The National Academic Grand Opera and Ballet Theatre of the Republic of Belarus (Нацыянальны акадэмічны Вялікі тэатр оперы і балета, Национальный академический Большой театр оперы и балета) is located in a park in the Trinity Hill district of Minsk. Local people call it the "Opierny Teatr" (Belarusian) or the "Opera and Ballet Theatre". While the theatre opened on 15 May 1933, in the beginning, it did not have its own performance venue. Until 1938, the troupe performed at the Belarusian Drama Theatre building.

==History==
The first permanent theatre was founded in Belarus in 1933 based on the Belarusian Opera and ballet school; the founder of the studio was a famous Russian Opera singer Anton Bonachich (Belarusian: Anton Bonatschitsch) (ru: Антон Петрович Боначич). Shortly after, Bonachich died in 1933.

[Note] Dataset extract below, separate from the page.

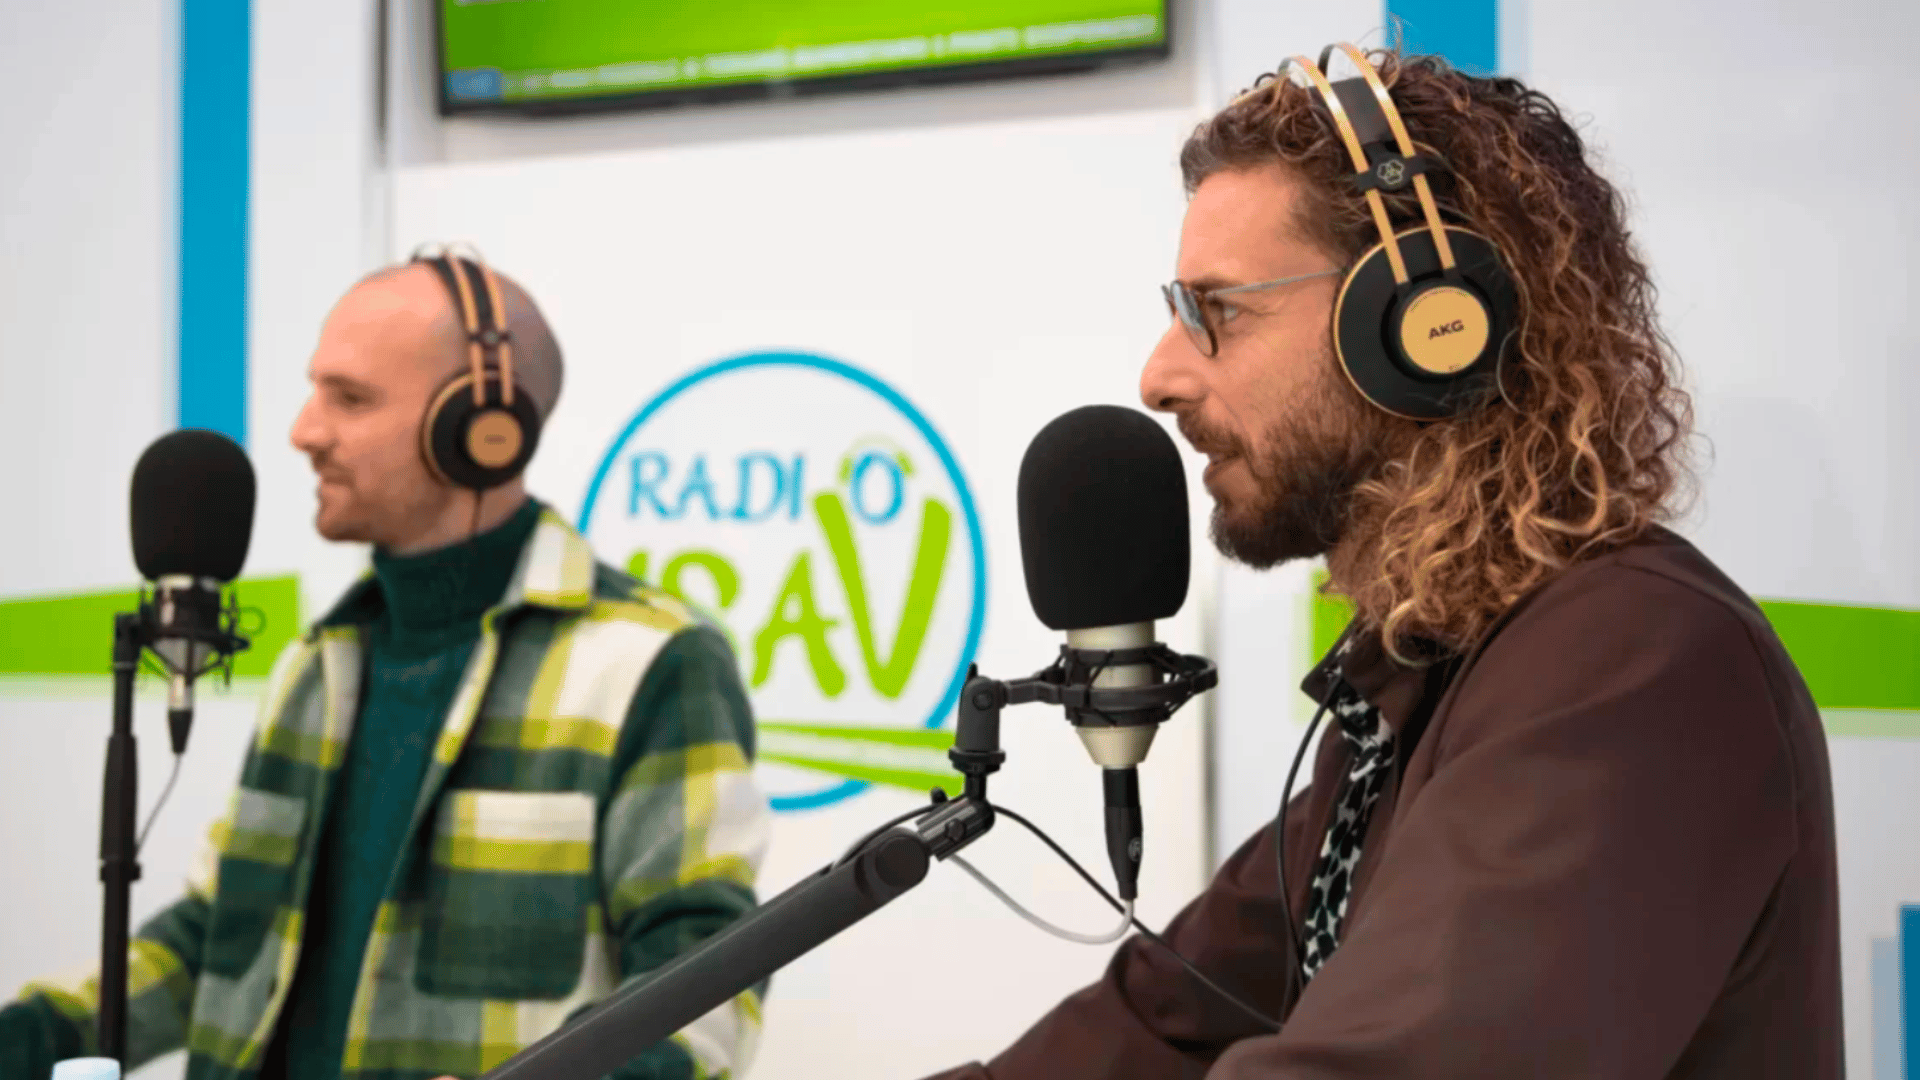 Radio ISAV Emittente radiofonica digitale a sostegno dei malati di Sla

The current theatre's building was opened in 1939. It was designed by the Belarusian architect from Leningrad, Iosif Langbard, whose original design was only partially implemented; some design details were omitted for financial reasons. The theatre has reliefs done by Zair Azgur.

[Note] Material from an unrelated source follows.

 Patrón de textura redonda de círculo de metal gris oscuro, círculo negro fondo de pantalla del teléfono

Bizet's Carmen opened the theatre on 25 May 1933 with the title role being sung by Larisa Aleksandrovskaya. Several professional soloists and dancers were added to the troupe in the first few years at this location. Swan Lake, performed by K. Muller, was the first show on the stage of the new theatre. By 1940, Grand was added to the theatre's name to indicate its expansion. The performances by the theatre company during the "Decade of Belarusian Art" in Moscow in June 1940 was a great success which included the first Belarusian ballet, The Nightingale composed by Mikhail Kroshner, as well as other national operas such as "In the Dense Forest of Palesse", "The Flower of Fortune", and the second version of "Mikhas Podgorny". Performances continued during the war in Nizhny Novgorod, then known as Gorky until the liberation of Minsk in 1944; after that performances took place in Kovrov.

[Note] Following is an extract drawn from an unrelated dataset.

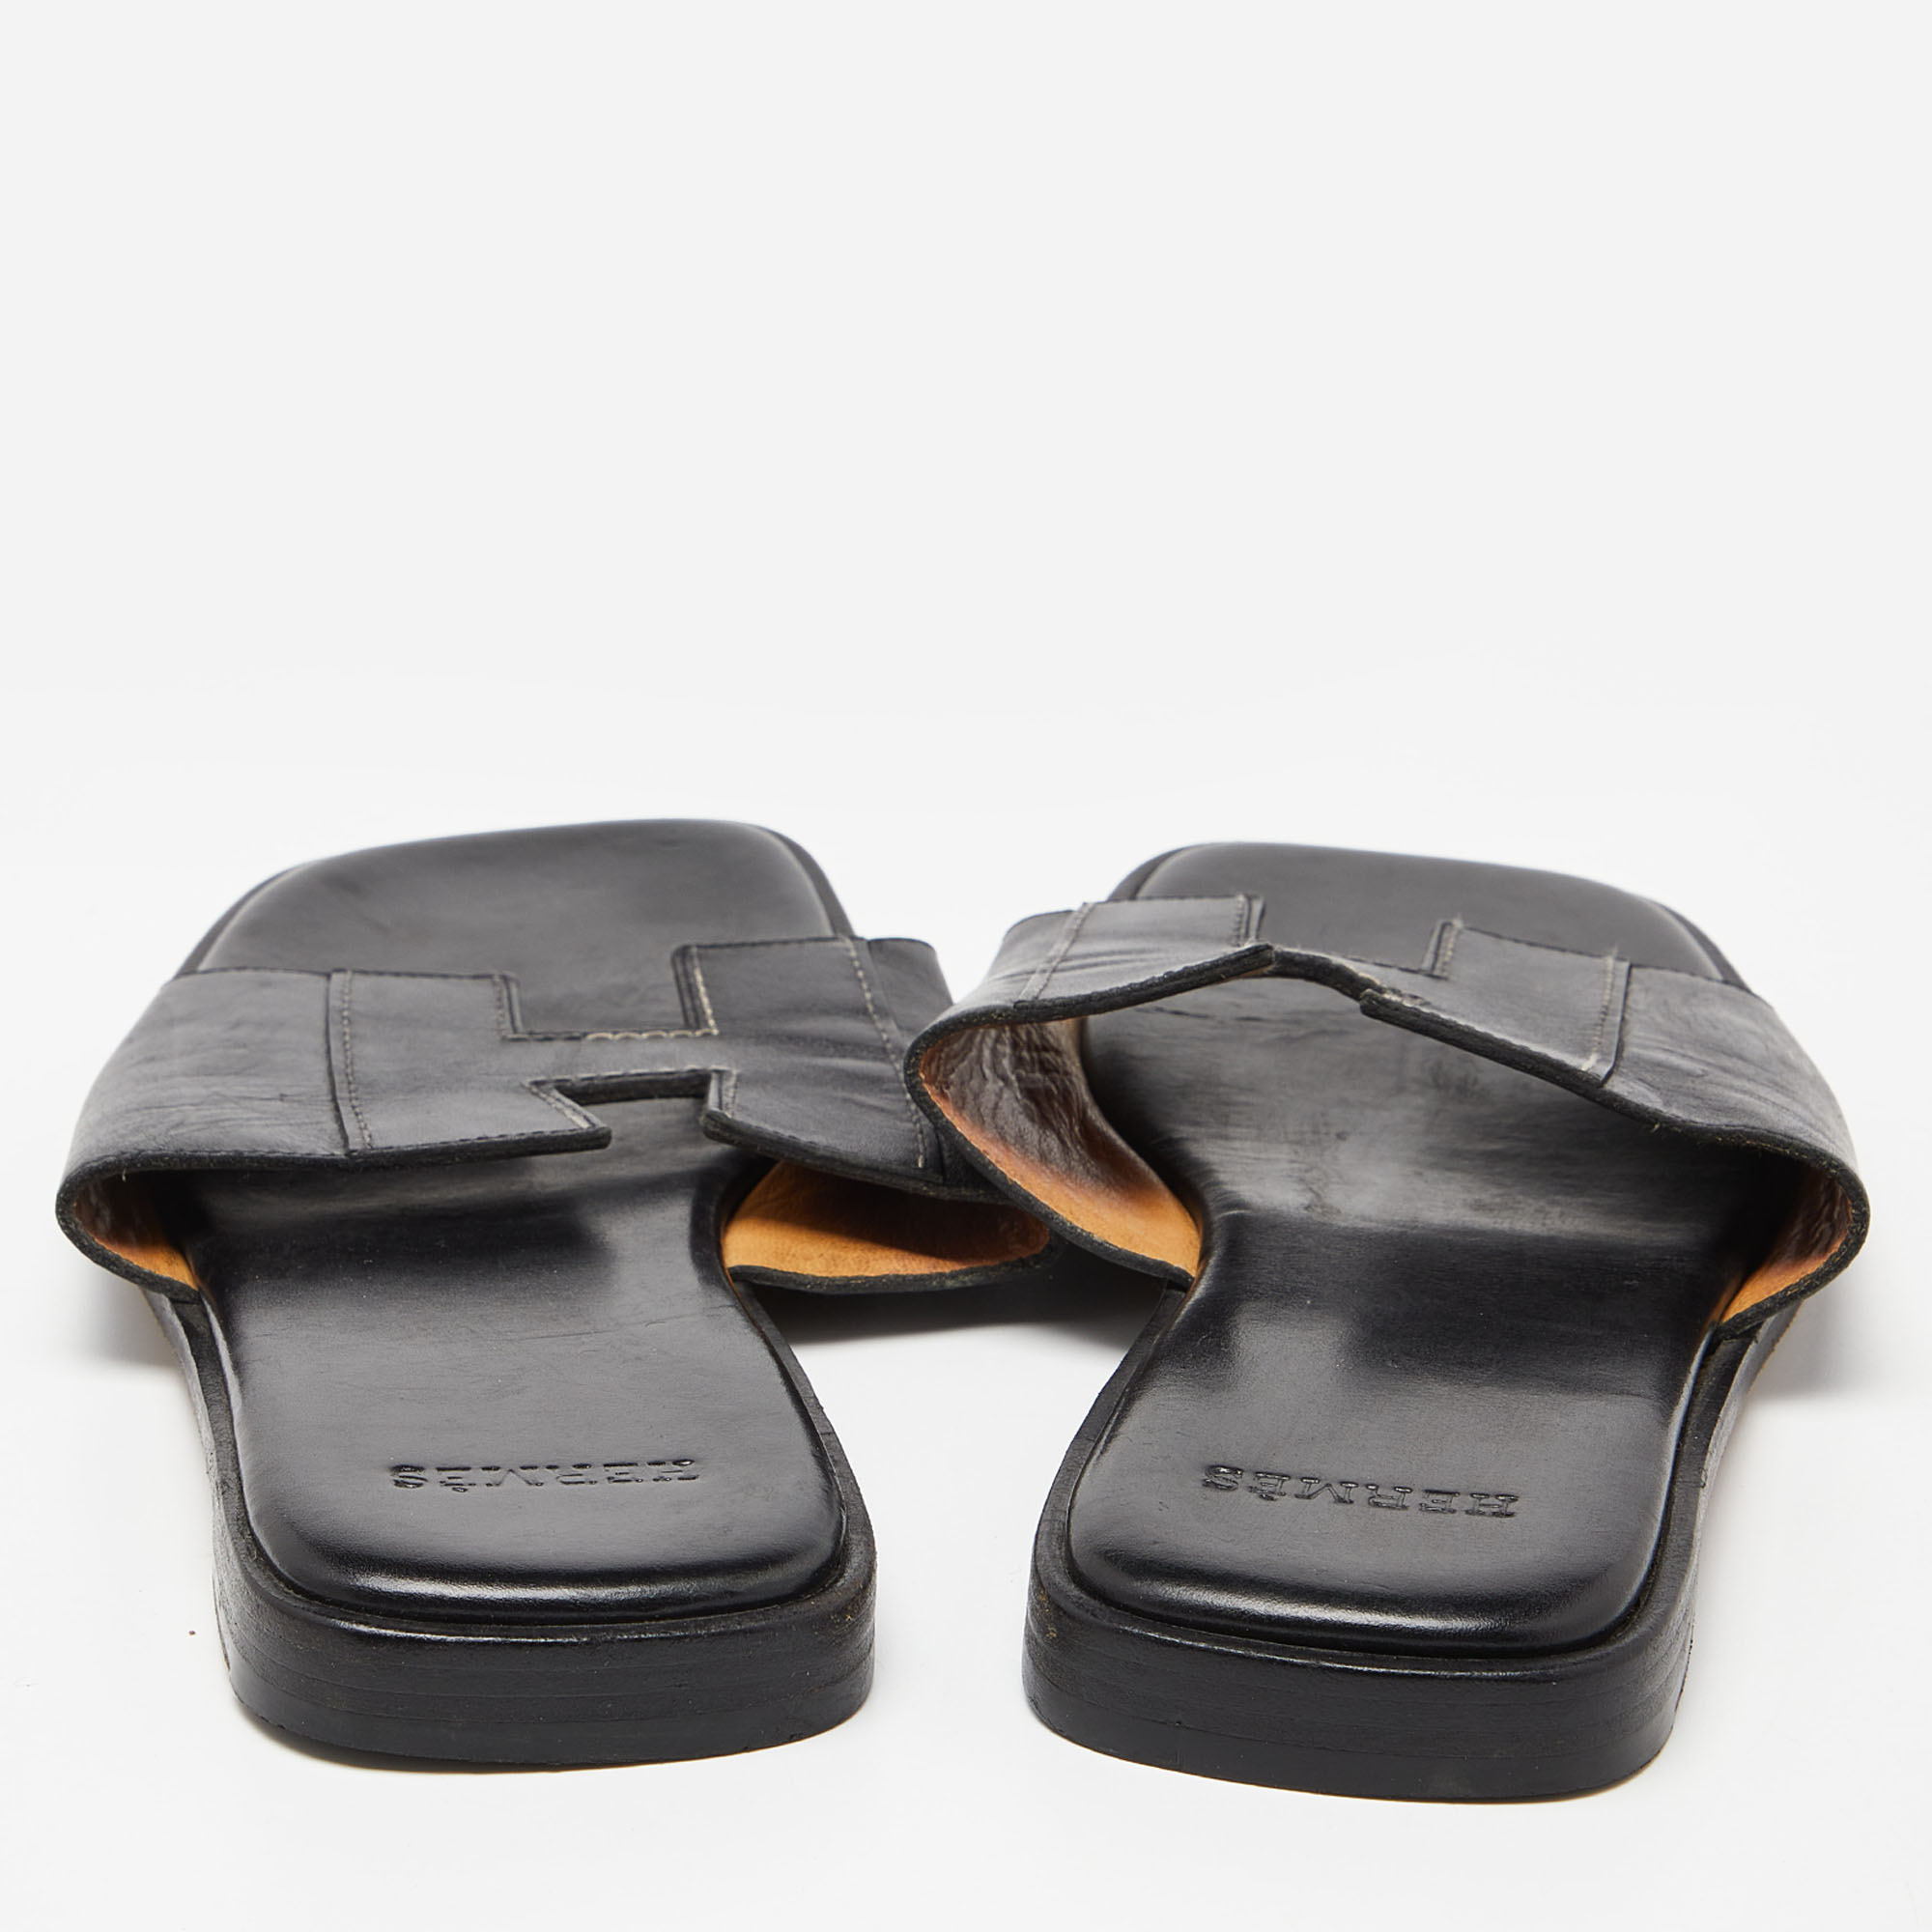 Hermes Black Leather Slides Size 40

Enrichment of post World War 2 repertoire and expansion

During this time the repertoire was greatly enriched. The most famous operas staged in this theatre include Boris Godunov by Modest Mussorgsky, Otello and Don Carlo by Giuseppe Verdi, Jacques Offenbach's The Tales of Hoffmann, Sadko and The Golden Cockerel by Nikolai Rimsky-Korsakov, and Lohengrin by Richard Wagner. Socialist realist operas by Belarusian composers such as Yuri Semenyako, Yevgeny Glebov (Your Spring, 1963) and Heinrich Wagner were included.

 Among the most notable composers has been Kulikovich Shcheglov, who like some of the writers went into exile after the war. Others include Yevgeny Glebov, composer of the opera Your Spring (1963) and the ballet Alpine Ballad (1967), ..." In 1967, the theatre was awarded the title of Academic for its status in the progression of the performing arts.

In 1996 the State Theater was divided into two independent theatres: the National Academic Grand Ballet Theatre of the Republic of Belarus and the National Academic Opera Theatre of Belarus, but in 2008 they once again combined to become the present name, National Academic Grand Opera and Ballet Theatre of the Republic of Belarus.

The building was renovated and it reopened in 2009. Many sculptures were added around the theatre, its stage was slightly moved and audience space expanded. The most up-to-date lighting and motion equipment were added while adhering to the original design. The ballet company is considered one of the foremost companies in the world.

==The theatre today==
Works by Belarus composers in the company's repertoire today include Dmitry Smolsky's The Grey Legend (Russian «Седая легенда» 1978).